Saturday, February 16, 2013

DDGE OF DARK WATER by Joe R. Lansdale_Review


Review of Edge of Dark Water by Joe Lansdale
5 stars

I think there must be close to 1000 reviews and blurbs already for this book, which just published on Feb. 12. Many of them are from writers and reviewers far more articulate than myself. Every blurb and comment I’ve read is positive, and I have to second that. Joe R. Lansdale is a Master, by any criteria. I’ve never forgotten his set “The Drive-In” and “The Drive-In II” and I never will. Now I will never forget “Edge of Dark Water” (and his debut novel, “The Bottoms,” which I plan to read very soon).  Mr. Lansdale has so recreated the structure and milieu of East Texas during the Great Depression of the 1930’s, a typically Southern region, and made it so real even to those of us who didn’t actually live this era, that it becomes an ongoing, perpetual, mindset.

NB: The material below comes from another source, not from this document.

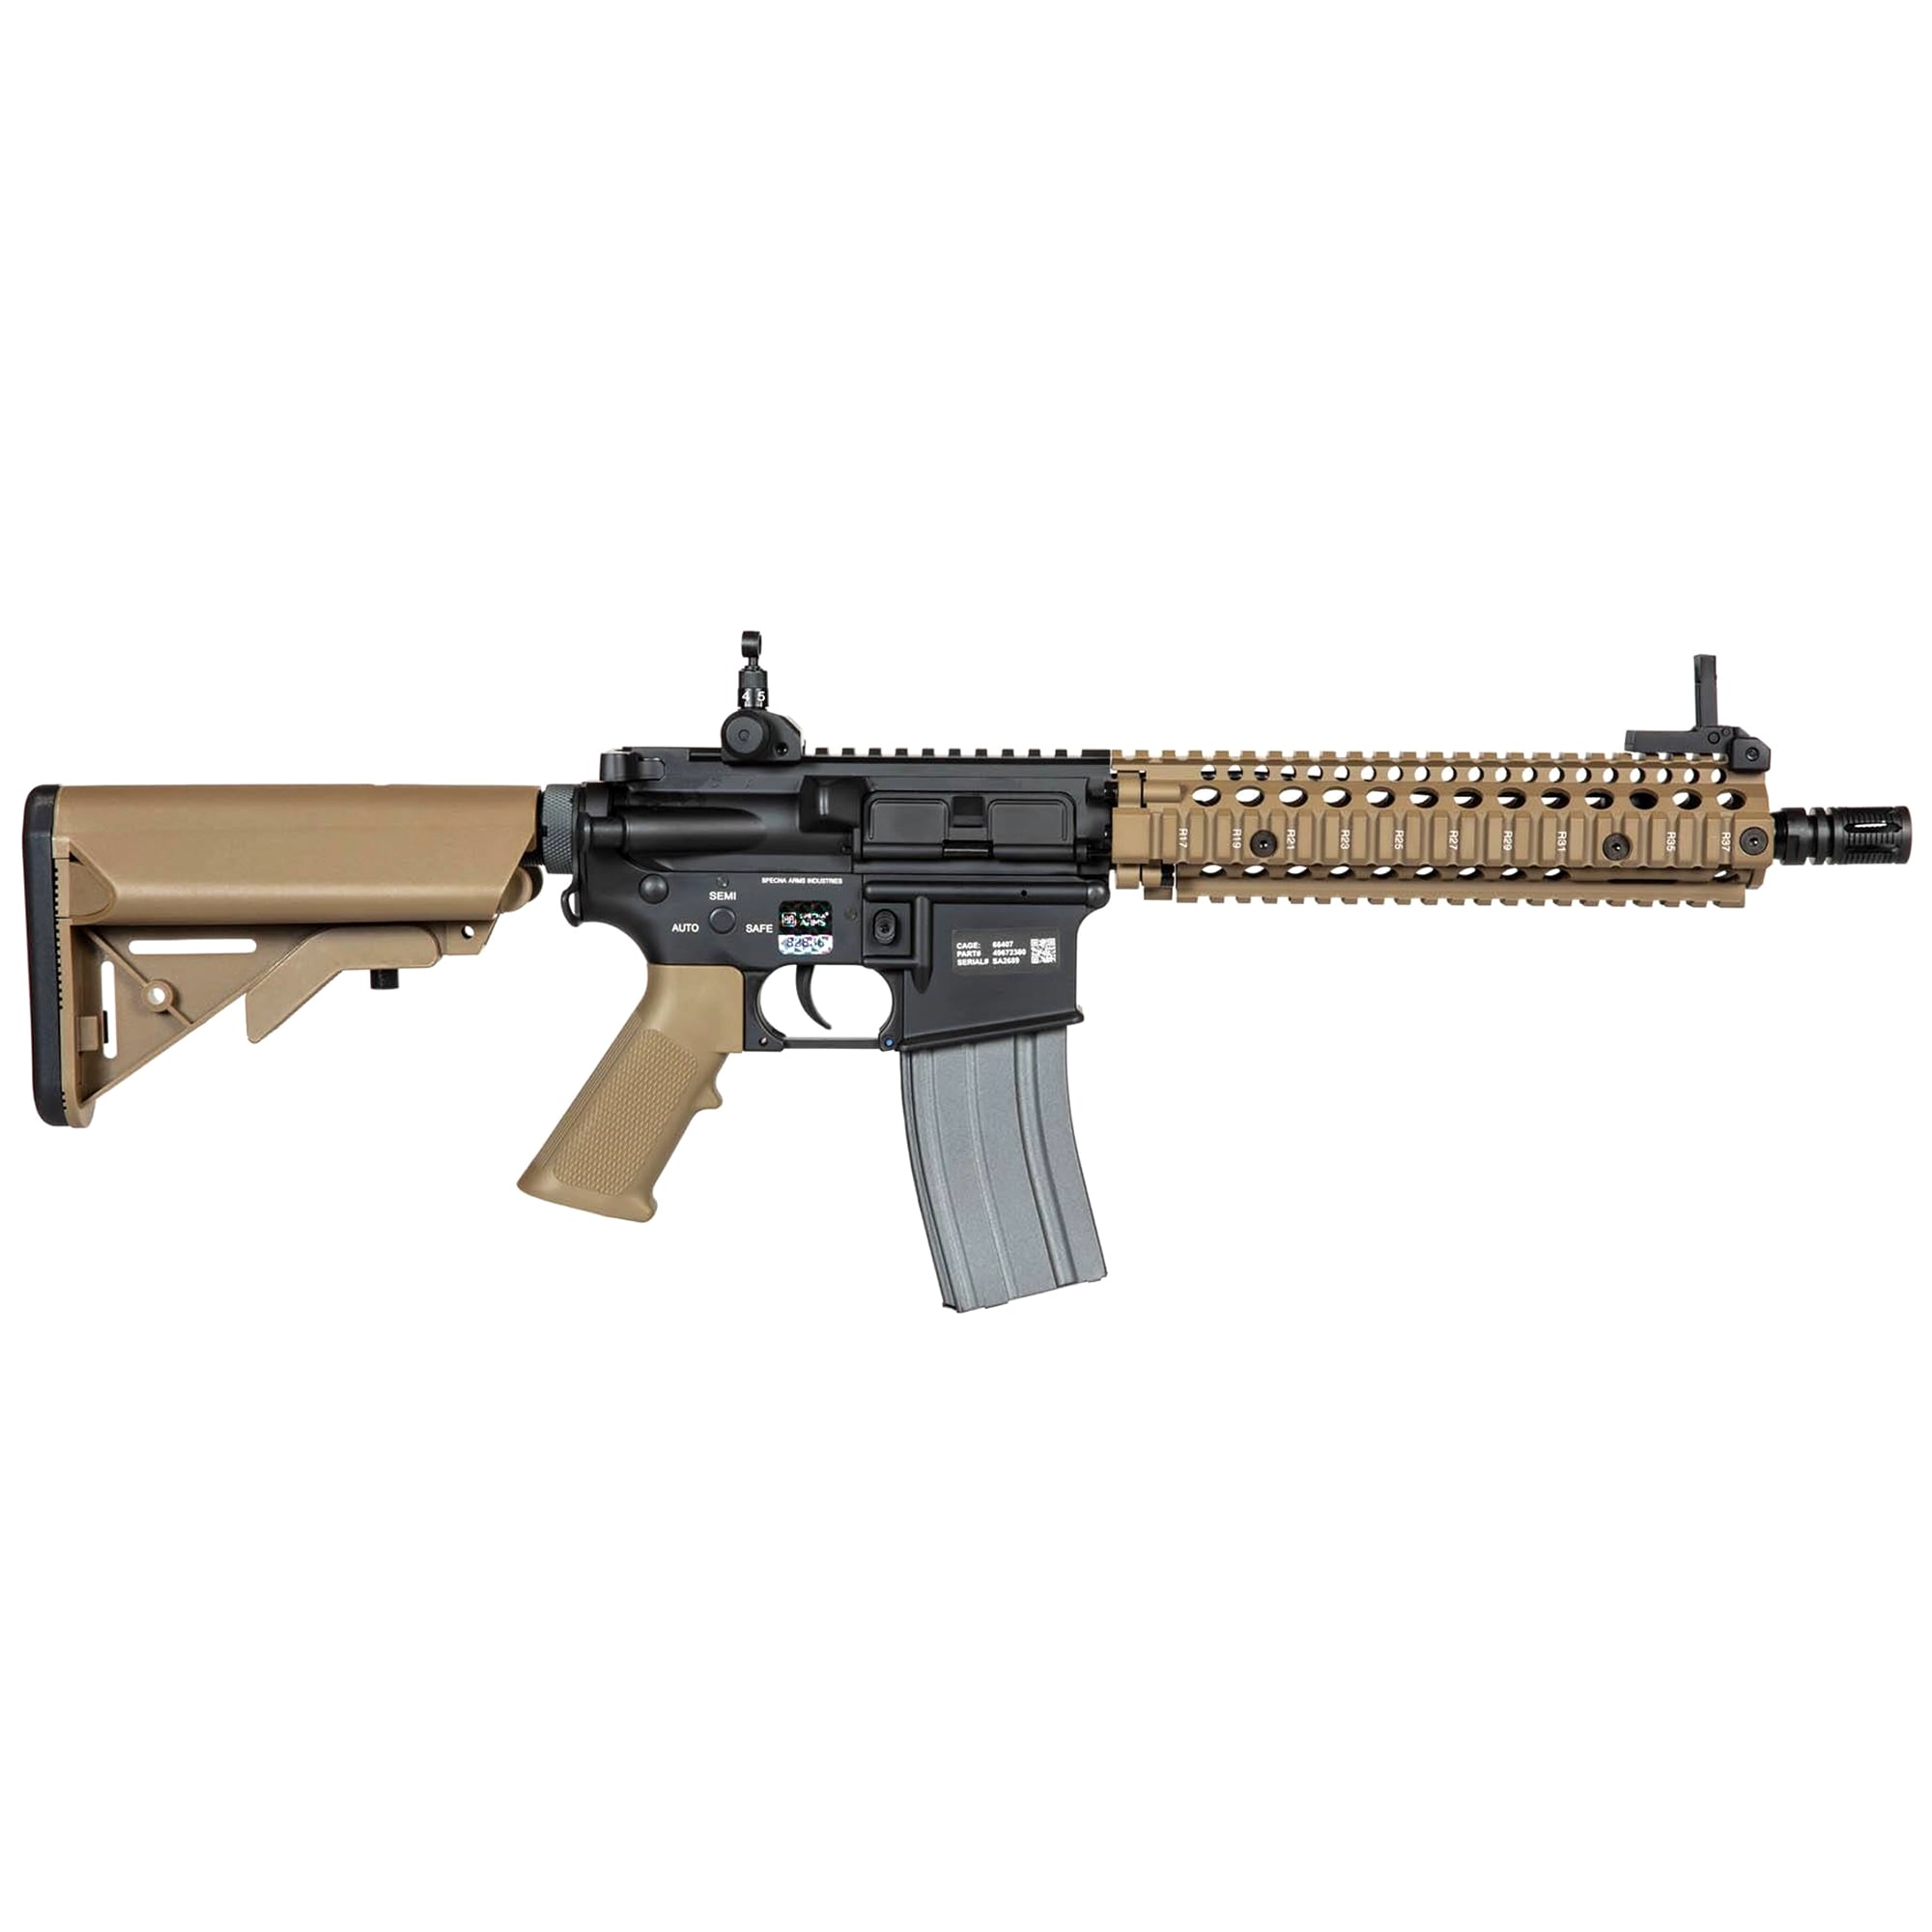 AEG Specna Arms SA-A03 SAEC System Assault Carbine - Half-Tan

Youngsters (actually adolescents now) May Lynn, Sue Ellen, Jinx, and Terry live a very hardscrabble, rock-bottom life. The only one of the four who has a decent parental set is Jinx, and because she is resident in the extended South, and African-American, she has her share of troubles not akin to the other three. But May Lynn, Sue Ellen, and Terry all have domestic difficulties; it is fortunate that the four do share this close and abiding friendship, and the taut nature of this bond becomes intensely apparent when Sue Ellen and Terry discover May Lynn’s drowned body in the Sabine River—the river that becomes a character in and of itself, the river that will change all their lives in immense and unending ways.

“Edge of Dark Water” is an incredibly heartrending novel, but it is one I cannot imagine not reading.